Complete reference for OpenAI's stateless APIs including Chat Completions, embeddings, images, audio, and moderation.

  • Supports GPT-5 series (with reasoning_effort control), GPT-4o multimodal, o3 reasoning models, and legacy GPT-4 variants; streaming, function calling, and structured JSON outputs included
  • Embeddings API for RAG with custom dimensions (256–3072), DALL-E 3 image generation, Whisper transcription, and TTS with 11 voices
  • Batch API for 50% cost savings on large-scale proce
skill.md

OpenAI API - Complete Guide

Version: Production Ready ✅ Package: [email protected] Last Updated: 2026-01-20


Status

✅ Production Ready:

  • ✅ Chat Completions API (GPT-5, GPT-4o, GPT-4 Turbo)
  • ✅ Embeddings API (text-embedding-3-small, text-embedding-3-large)
  • ✅ Images API (DALL-E 3 generation + GPT-Image-1 editing)
  • ✅ Audio API (Whisper transcription + TTS with 11 voices)
  • ✅ Moderation API (11 safety categories)
  • ✅ Streaming patterns (SSE)
  • ✅ Function calling / Tools
  • ✅ Structured outputs (JSON schemas)
  • ✅ Vision (GPT-4o)
  • ✅ Both Node.js SDK and fetch approaches

Table of Contents

  1. Quick Start
  2. Chat Completions API
  3. GPT-5 Series Models
  4. Streaming Patterns
  5. Function Calling
  6. Structured Outputs
  7. Vision (GPT-4o)
  8. Embeddings API
  9. Images API
  10. Audio API
  11. Moderation API
  12. Error Handling
  13. Rate Limits
  14. Common Mistakes & Gotchas
  15. TypeScript Gotchas
  16. Production Best Practices
  17. Relationship to openai-responses

Quick Start

Installation

npm install [email protected]

Environment Setup

export OPENAI_API_KEY="sk-..."

Or create .env file:

OPENAI_API_KEY=sk-...

First Chat Completion (Node.js SDK)

import OpenAI from 'openai';

const openai = new OpenAI({
  apiKey: process.env.OPENAI_API_KEY,
});

const completion = await openai.chat.completions.create({
  model: 'gpt-5',
  messages: [
    { role: 'user', content: 'What are the three laws of robotics?' }
  ],
});

console.log(completion.choices[0].message.content);

First Chat Completion (Fetch - Cloudflare Workers)

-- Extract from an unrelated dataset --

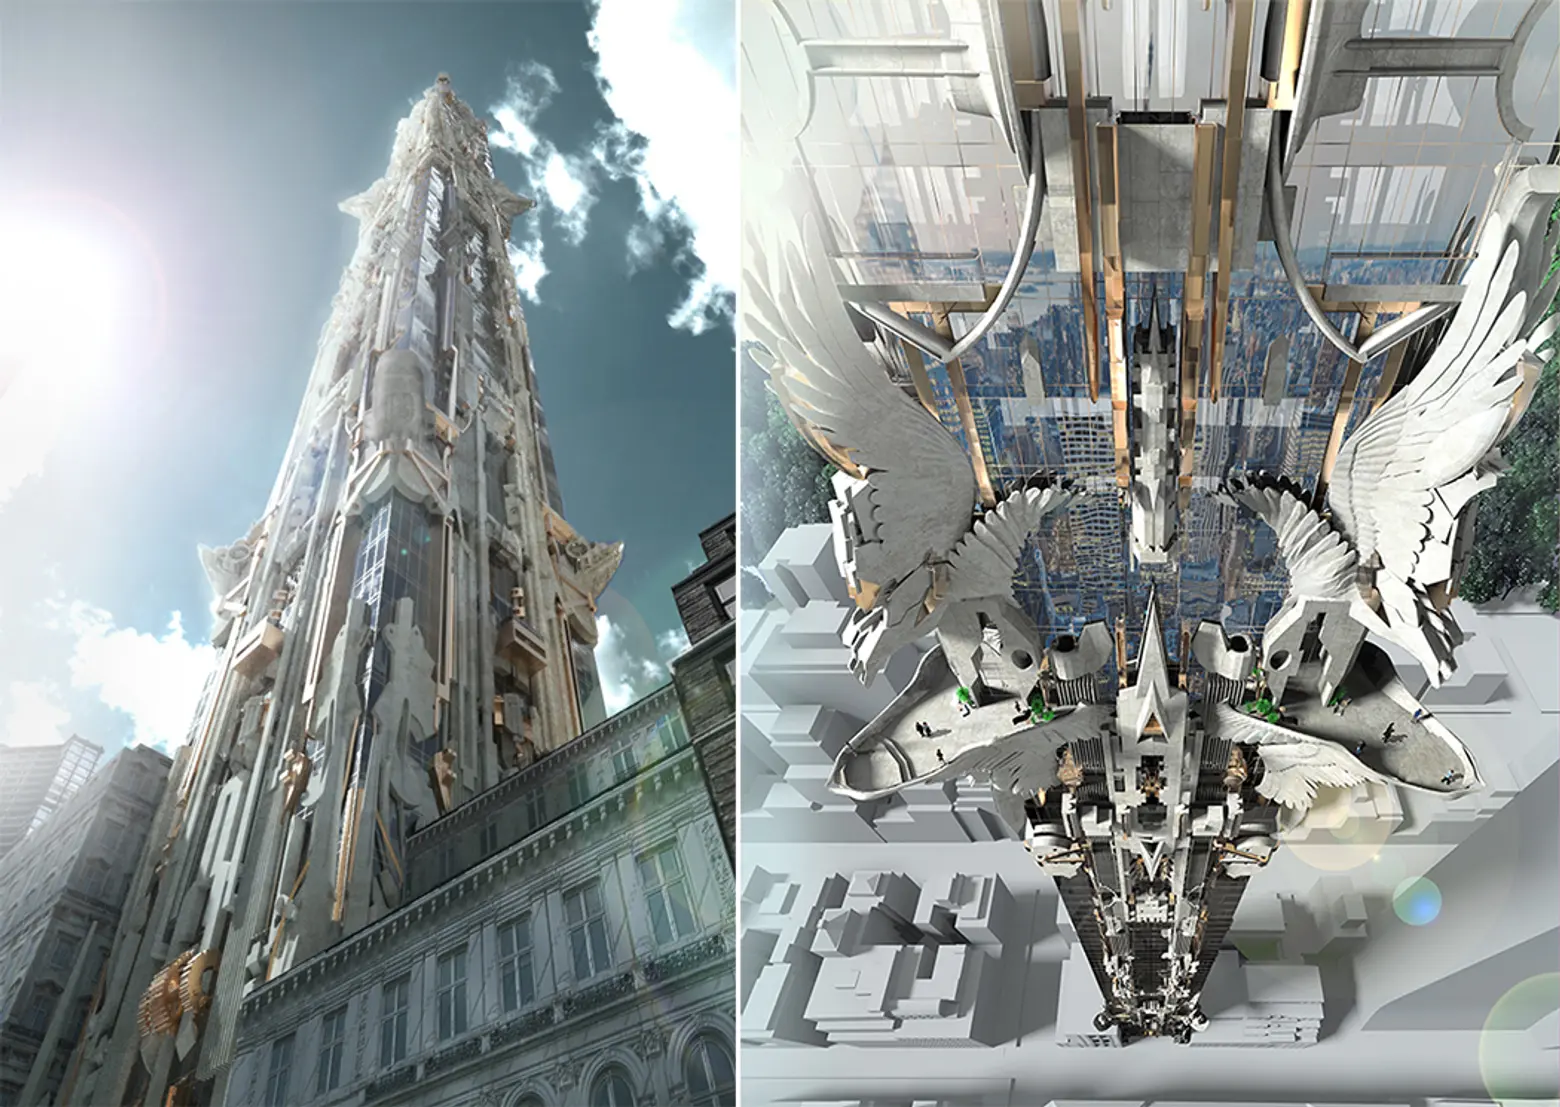 Could This Otherworldly 102-Story Tower Covered in Ornaments Be Coming to 57th Street?

const response = await fetch('https://api.openai.com/v1/chat/completions', {
  method: 'POST',
  headers: {
    'Authorization': `Bearer ${env.OPENAI_API_KEY}`,
    'Content-Type': 'application/json',
  },
  body: JSON.stringify({
    model: 'gpt-5',
    messages: [
      { role: 'user', content: 'What are the three laws of robotics?' }
    ],
  }),
});

const data = await response.json();
console.log(data.choices[0].message.content);

Chat Completions API

Endpoint: POST /v1/chat/completions

The Chat Completions API is the core interface for interacting with OpenAI's language models. It supports conversational AI, text generation, function calling, structured outputs, and vision capabilities.

Supported Models

GPT-5 Series (Released August 2025)

  • gpt-5: Full-featured reasoning model with advanced capabilities
  • gpt-5-mini: Cost-effective alternative with good performance
  • gpt-5-nano: Smallest/fastest variant for simple tasks

GPT-4o Series

  • gpt-4o: Multimodal model with vision capabilities
  • gpt-4-turbo: Fast GPT-4 variant

GPT-4 Series (Legacy)

  • gpt-4: Original GPT-4 model (deprecated - use gpt-5 or gpt-4o)

Basic Request Structure

{
  model: string,              // Model to use (e.g., "gpt-5")
  messages: Message[],        // Conversation history
  reasoning_effort?: string,  // GPT-5 only: "minimal" | "low" | "medium" | "high"
  verbosity?: string,         // GPT-5 only: "low" | "medium" | "high"
  temperature?: number,       // NOT supported by GPT-5
  max_tokens?: number,        // Max tokens to generate
  stream?: boolean,           // Enable streaming
  tools?: Tool[],             // Function calling tools
}

Response Structure

{
  id: string,                 // Unique completion ID
  object: "chat.completion",
  created: number,            // Unix timestamp
  model: string,              // Model used
  choices: [{
    index: number,
    message: {
      role: "assistant",
      content: string,        // Generated text
      tool_calls?: ToolCall[] // If function calling
    },
    finish_reason: string     // "stop" | "length" | "tool_calls"
  }],
  usage: {
    prompt_tokens: number,
    completion_tokens: number,
    total_tokens: number
  }
}

Message Roles & Multi-turn Conversations

Three roles: system (behavior), user (input), assistant (model responses).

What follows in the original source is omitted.